Data Access

Available data

As discussed in the Simulations page, Symphony is organized into several suites of zoom-in simulations that respectively correspond to host halos containing the following solar masses (\(M_\odot\)): the LMC (\(10^{11}\)), Milky Way (\(10^{12}\)), Group (\(10^{13}\)), L-Cluster (\(4\times 10^{14}\)), and Cluster (\(10^{15}\)) suites.

For each halo in these suites, Symphony contains information on the evolution of halos and particles over time. Because of the size of these data sets, a limited number of them are currently available for download.

Halos: This dataset contains information on the subhalos of the simulated host halos, including the evolution of those subhalos over time. Disrupted subhalos and “splashback” subhalos are also included. The subhalos, their properties, and their evolution over time were calculated with a combination of Rockstar, consistent-trees, and custom routines designed to remove numerical artifacts. A custom format is used for these halos, as descibed in the Data Access Tutorial and the Data Access Reference. This dataset is light-weight enough to analyze on a personal computer, is relatively easy to use, and will be sufficient for the majority of halo-based research tasks.

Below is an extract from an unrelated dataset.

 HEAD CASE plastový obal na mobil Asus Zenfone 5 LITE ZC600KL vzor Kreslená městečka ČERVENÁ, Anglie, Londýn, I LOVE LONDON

Trees: This dataset contains the full “merger trees” for all the high-resolution objects in the box, not just the subhalos near the central host. The trees also have the full merger history of each object. These trees were generated with Rockstar and consistent-trees, but have been converted to a more efficient and easy-to-use format and heavily annotated with several custom routines, as described in the Data Access Tutorial and the Data Access Reference. This dataset is large enough that it will be difficult to analyze on a personal computer, and it will be unnecessary for most halo-based analysis tasks, even those that require looking at the evolution of objects over time.

The table below shows the sizes of the different different datasets across the different simulation suites.

Suite Name

\(N_{\rm hosts}\)

subhalos

trees

SymphonyLMC

39

0.16 GB

18 GB

SymphonyMilkyWay

45

0.77 GB

62 GB

SymphonyGroup

49

0.83 GB

227 GB

SymphonyLCluster

33

0.18 GB

21 GB

SymphonyCluster

96

1.1 GB

160 GB

Downloading Data

You can download this data with Symphony’s data analysis library, symlib. A full reference for this library can be found here.

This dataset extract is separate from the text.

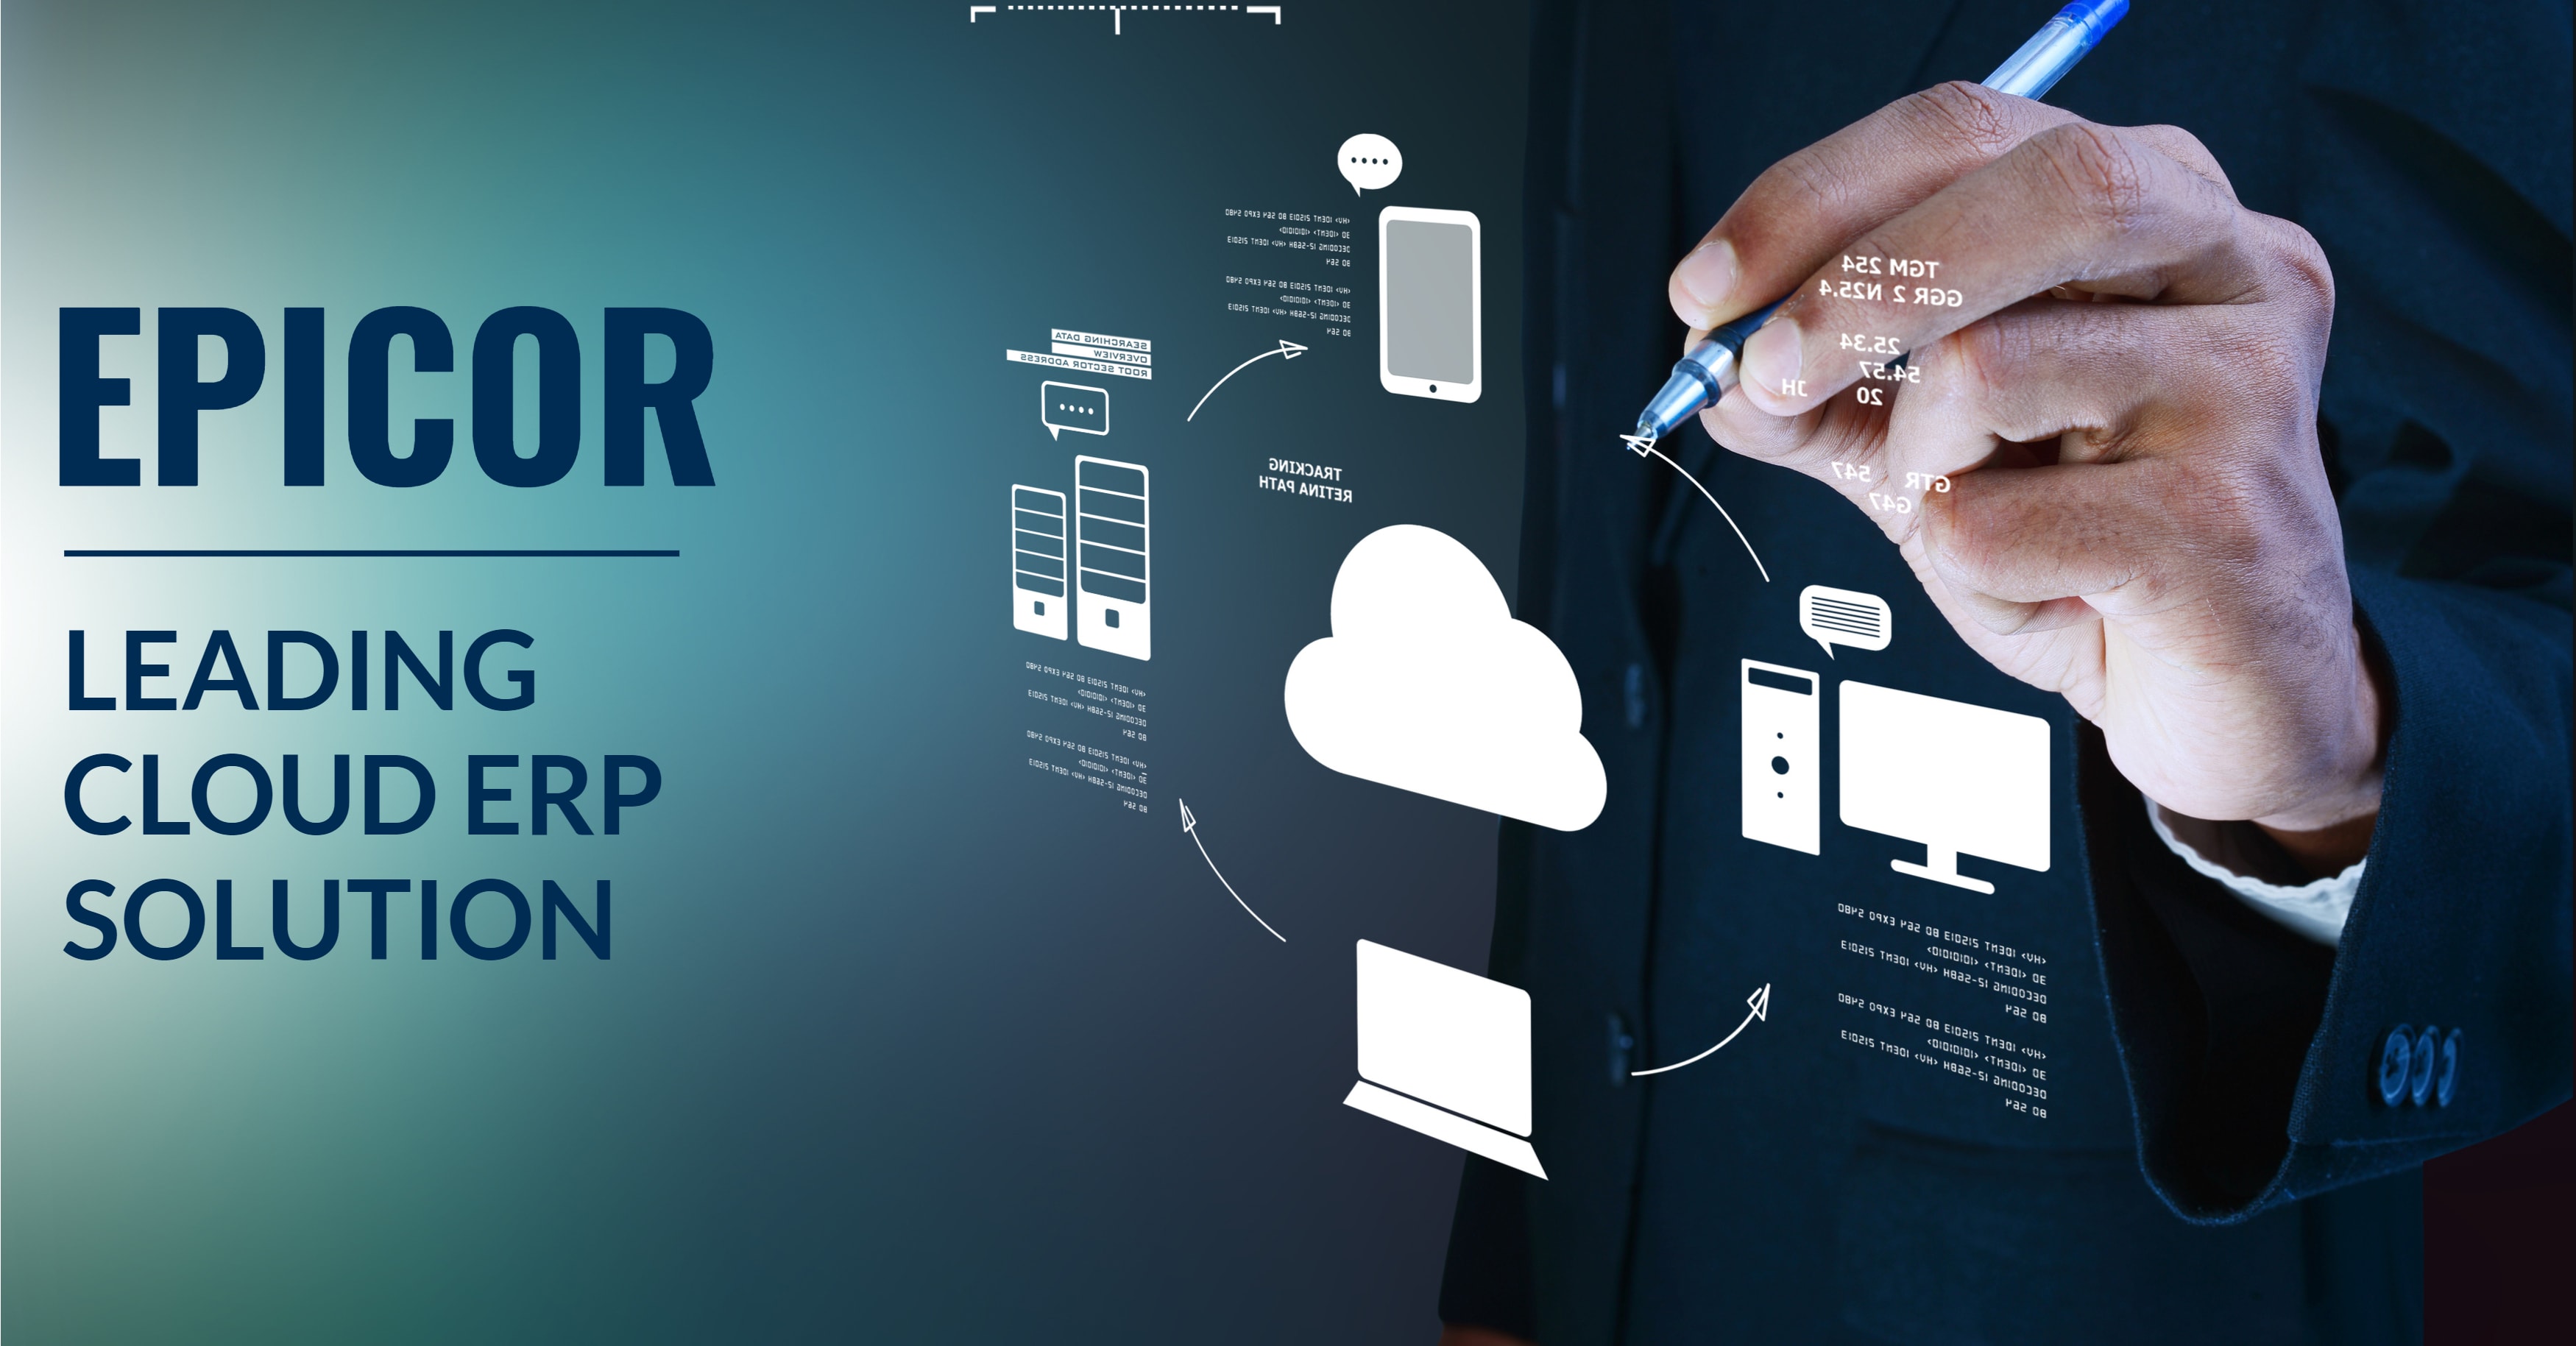 Epicor Gartner Cloud ERP

symlib can be installed with pip. It depends on the standard scientific python libraries, numpy, scipy, and matplotlib. It also depends on the cosmology library colossus. symlib will automatically install these libraries if they are not already on your machine, but if you encounter issues, you can find installation instructions for all four libraries on their respective web pages.

If you don’t have pip installed, follow the instructions here. Then, from the command line, run the following command.

pip install symlib -U

Next, obtain a username and password, by filling out this form. A user name and password will be emailed to you.

You can use the symlib.download_files() function to download whichever datasets you want to use. The entire dataset will be stored in a single base directory. Each suite has is its own sub-directory within the base, and each zoom-in simulation has a subdirectory within its suite.

The following Python code shows examples of how to use this function.

import symlib

user = "my_user_name"
password = "my_password"

# The base directory where data will be downloaded to.
# All the suites and halos will be properly ordered
# within this, so each halo's location will end up being
# {data_dir}/{suite_name}/{halo_name}.
data_dir = "path/to/storage/location"

# The type of data you want to download. "halos" is
# the basic halo information associated with the
# central host, and "trees" is that plus the full
# merger tree of the simulation.
target = "halos"

# Exmaple 1
# Download the first host halo in the Milky Way-mass suite.
symlib.download_files(user, password, "SymphonyMilkyWay", 0,
        data_dir, target=target)

# Example 2
# Download all the host halos in the Milky Way-mass suite.
symlib.download_files(user, password, "SymphonyMilkyWay", None,
        data_dir, target=target)

# Example 3
# Download all the host halos across all the suites.
symlib.download_files(user, password, None, None,
        data_dir, target=target)

# Example 4
# Download a specific halo that you know the name of.
symlib.download_files(user, password, "SymphonyMilkyWay", "Halo023",
        data_dir, target=target)

You can also get a list of suite names with symlib.suite_names() and host counts for a given suite with symlib.n_hosts() so you can use a fine-tuned for loop instead of None.

If you are running tests on a machine where you don’t have much storage space, the smallest host is Halo933 in SymphonyLMC, with a "halos" size of 2.3 MB and "trees" size of 227 MB.

symlib also offers the functions symlib.download_packed_files() and symlib.unpack_files(), which might be helpful if you are running a long download request that gets interrupted midway through.